The sun had set and the only light was the red autumn sky and the fires of the town. The Thracians still outnumbered us, but they were retreating, flowing up the hillside like a herd of deer, and Stephanos was harrying them from the left, his best runners trying to outrun the Thracians to the crest of the long hill above the town.
I flexed my hand. Some feeling was returning.
At that point, Aristagoras elected to bring his men out of the citadel in a sortie. It was typical of the bastard – too late to help win the victory, too soon to come out in safety. His sortie caught the Thracians in the flank, though, and suddenly they had to turn or be eaten by the new threat and by Stephanos’s crew nipping at their heels like a hunting pack.
I could see it all happening in the red light on the hillside above me. It was unreal – I have never seen such light again, red as blood – and I knew that Ares himself was watching us, that we were on his dance floor, and he would judge us.
I could see the swan on Aristagoras’s helmet and I knew who he was. And thanks to the folds in the hill, I could see what neither he nor Stephanos could see – there was another contingent of Thracians behind a parallel crest.
And I was already tired.
Too bad. I wanted Aristagoras dead, and I would never have a better chance than now.
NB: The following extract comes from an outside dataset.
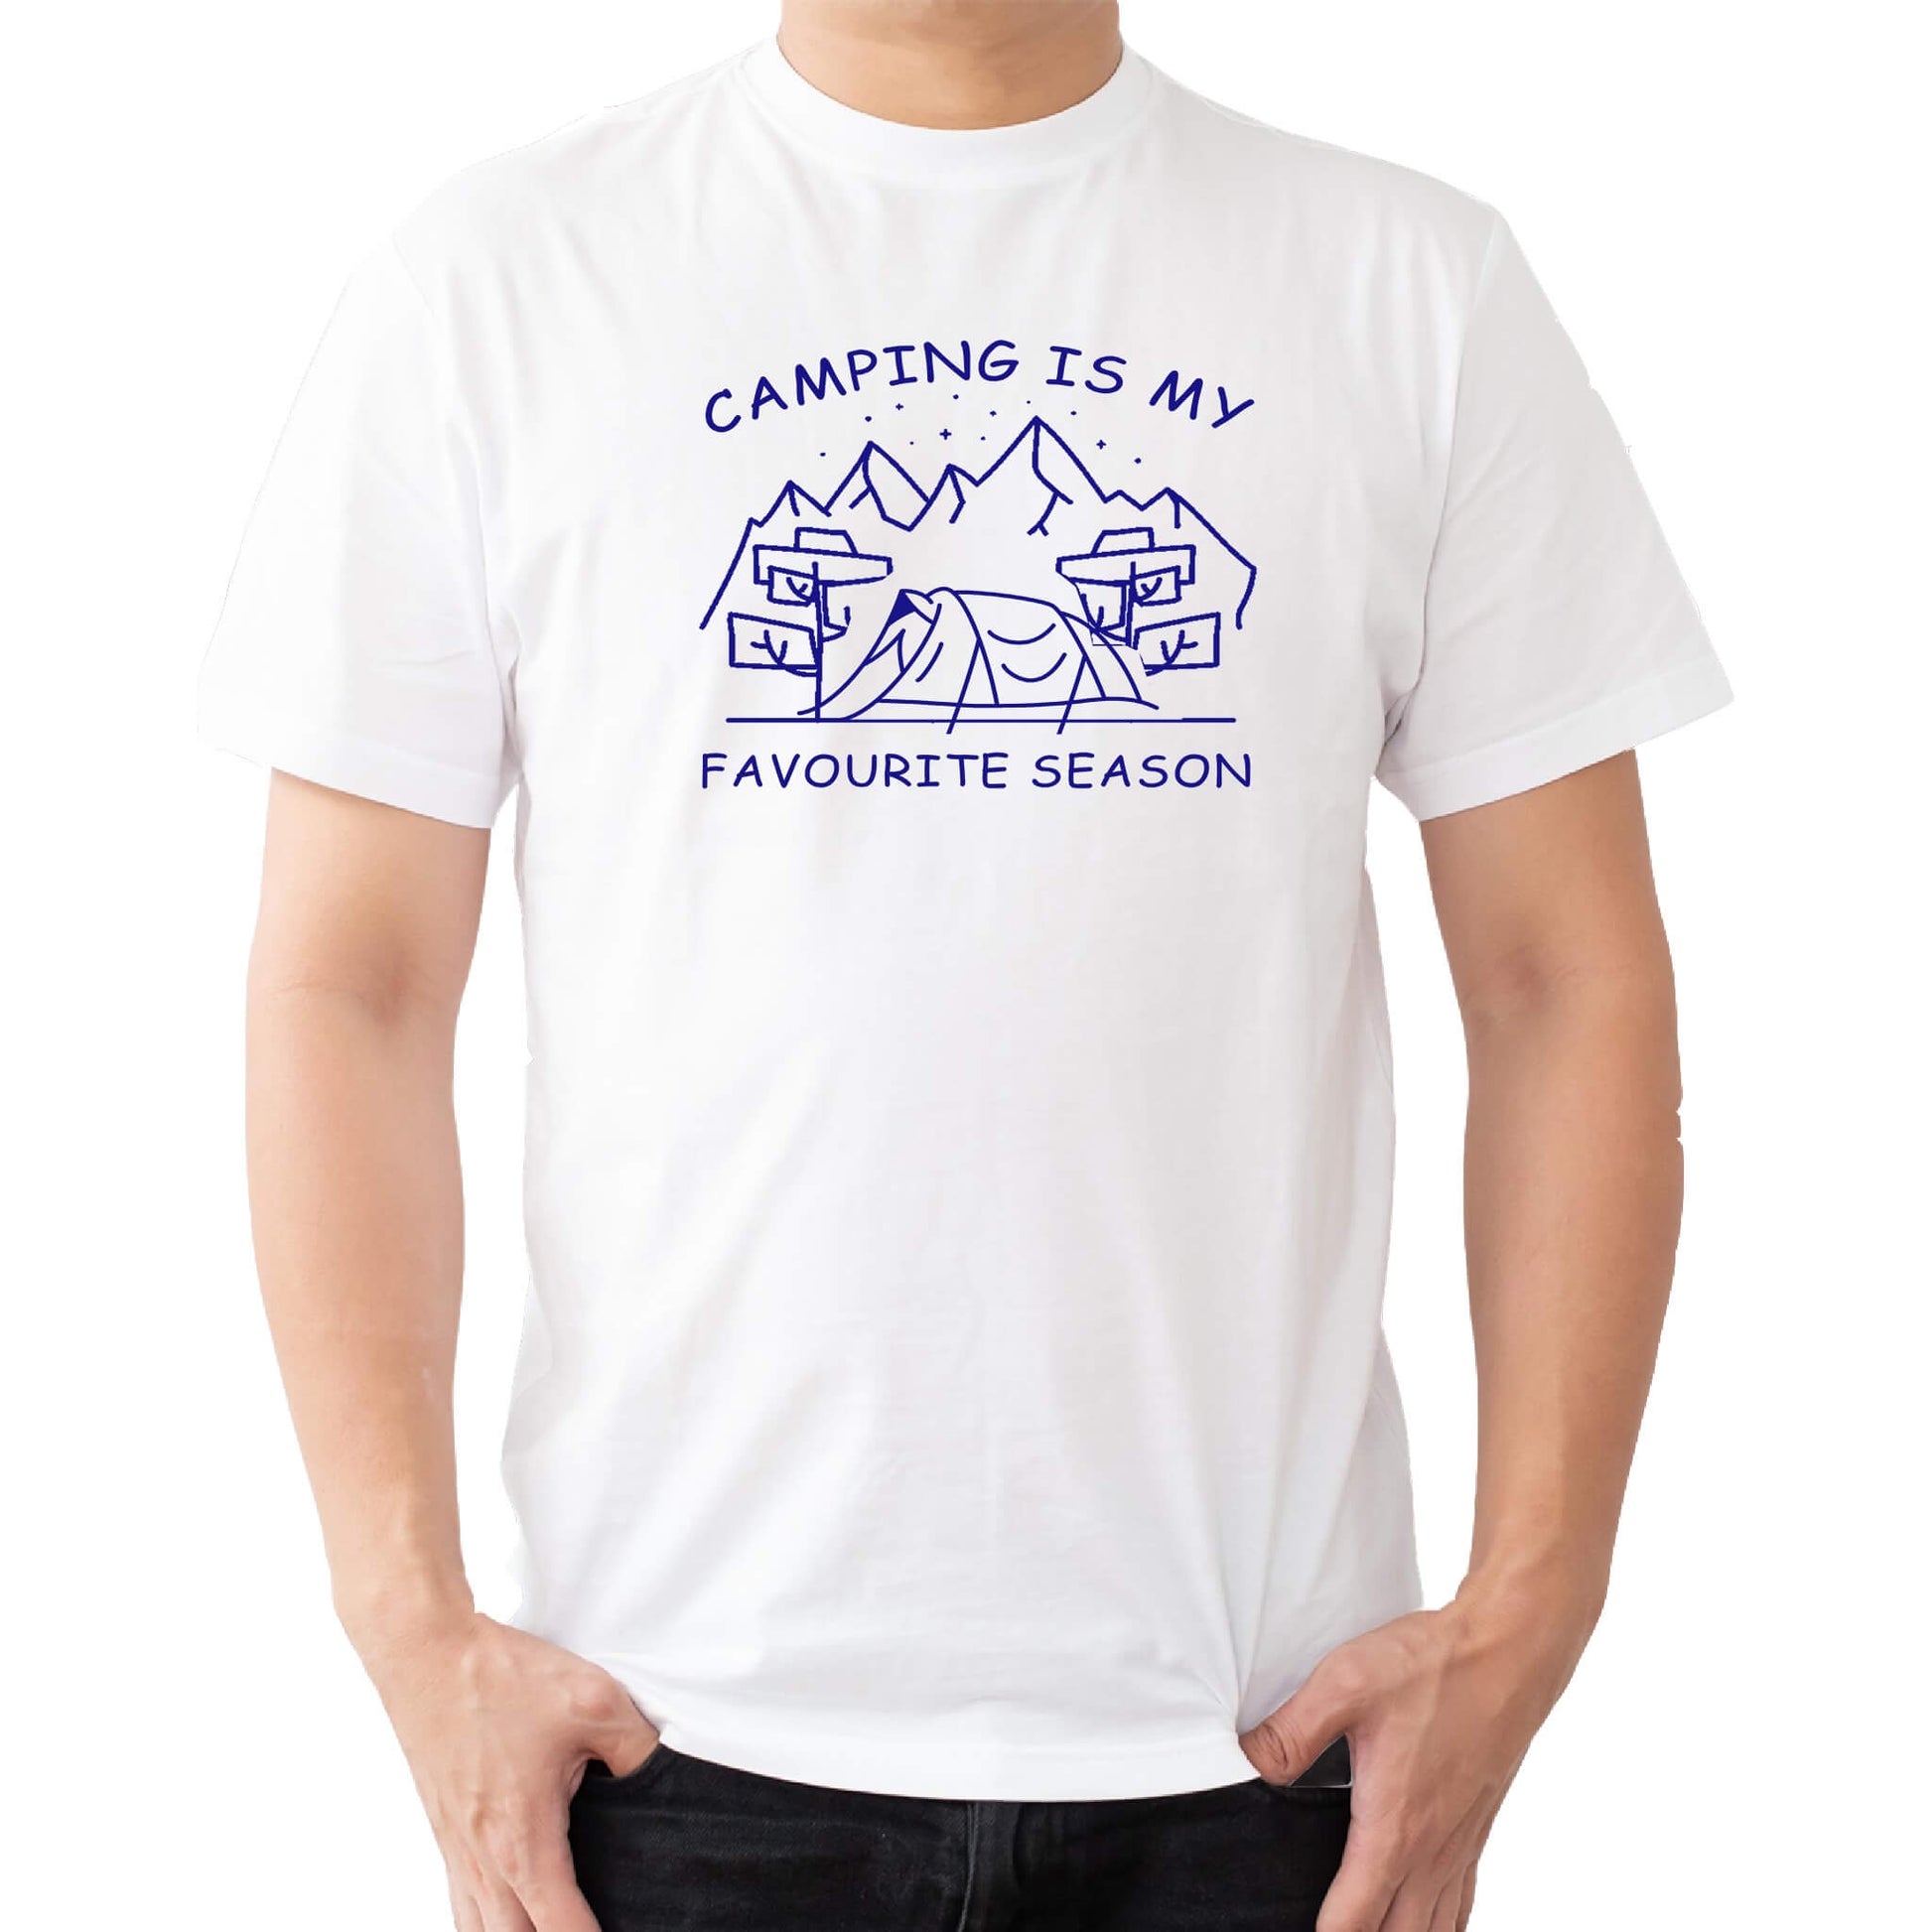  "White Graphic tee with an illustration of a tent, surrounded by nature. Text reads: 'Camping is my favorite season.' Celebrate the great outdoors!"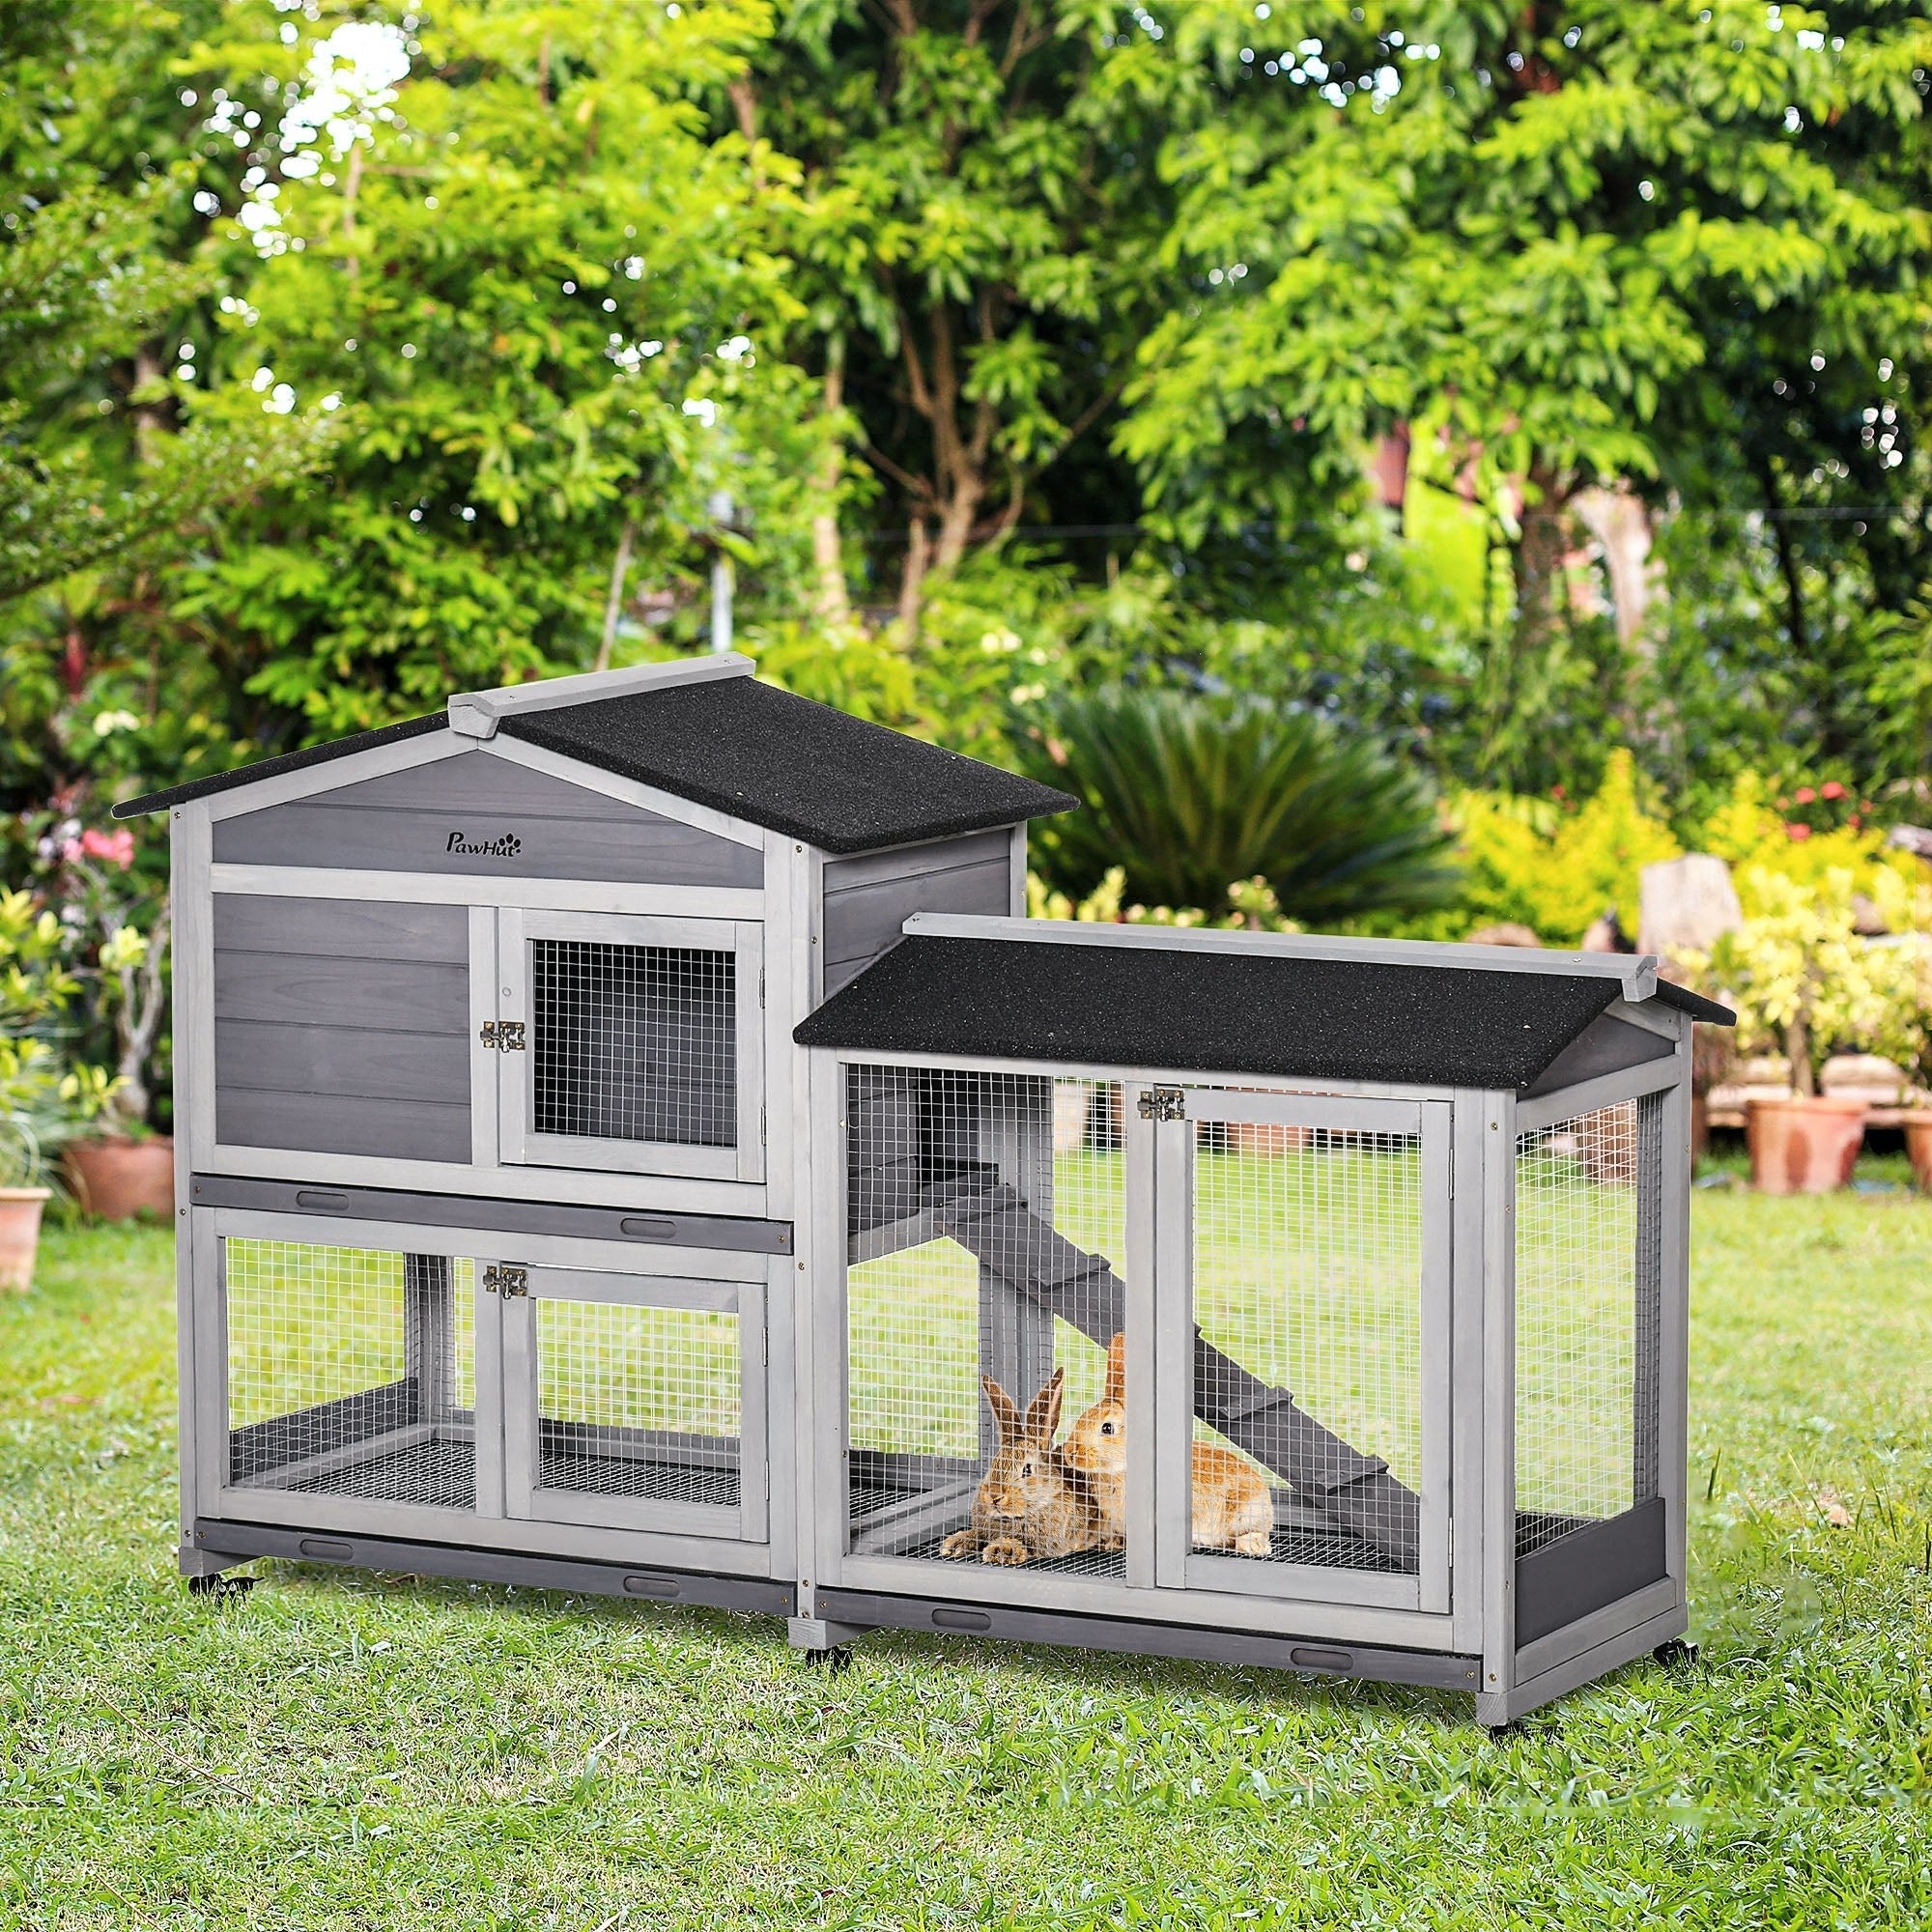 Wooden Rabbit Hutch, Guinea Pig Cage, with Wheels, Run, Slide-Out Tray, Ramp, PawHut, Grey

I’ve made all this seem to last a long time, but in truth, Miltiades’ marines were still coming off his stern and some of our ships were just coming ashore – it had all happened that fast. But if you want to know what fatigue is, fight for your life for three or four hundred heartbeats, then run up a rocky hillside at dusk with a hundred men baying at your heels. My scale shirt felt as if it weighed as much as my body, and my helmet sat on my head like the weight of the world on Atlas’s shoulders. Who am I to complain? Many of my rear-rankers had rowed all day.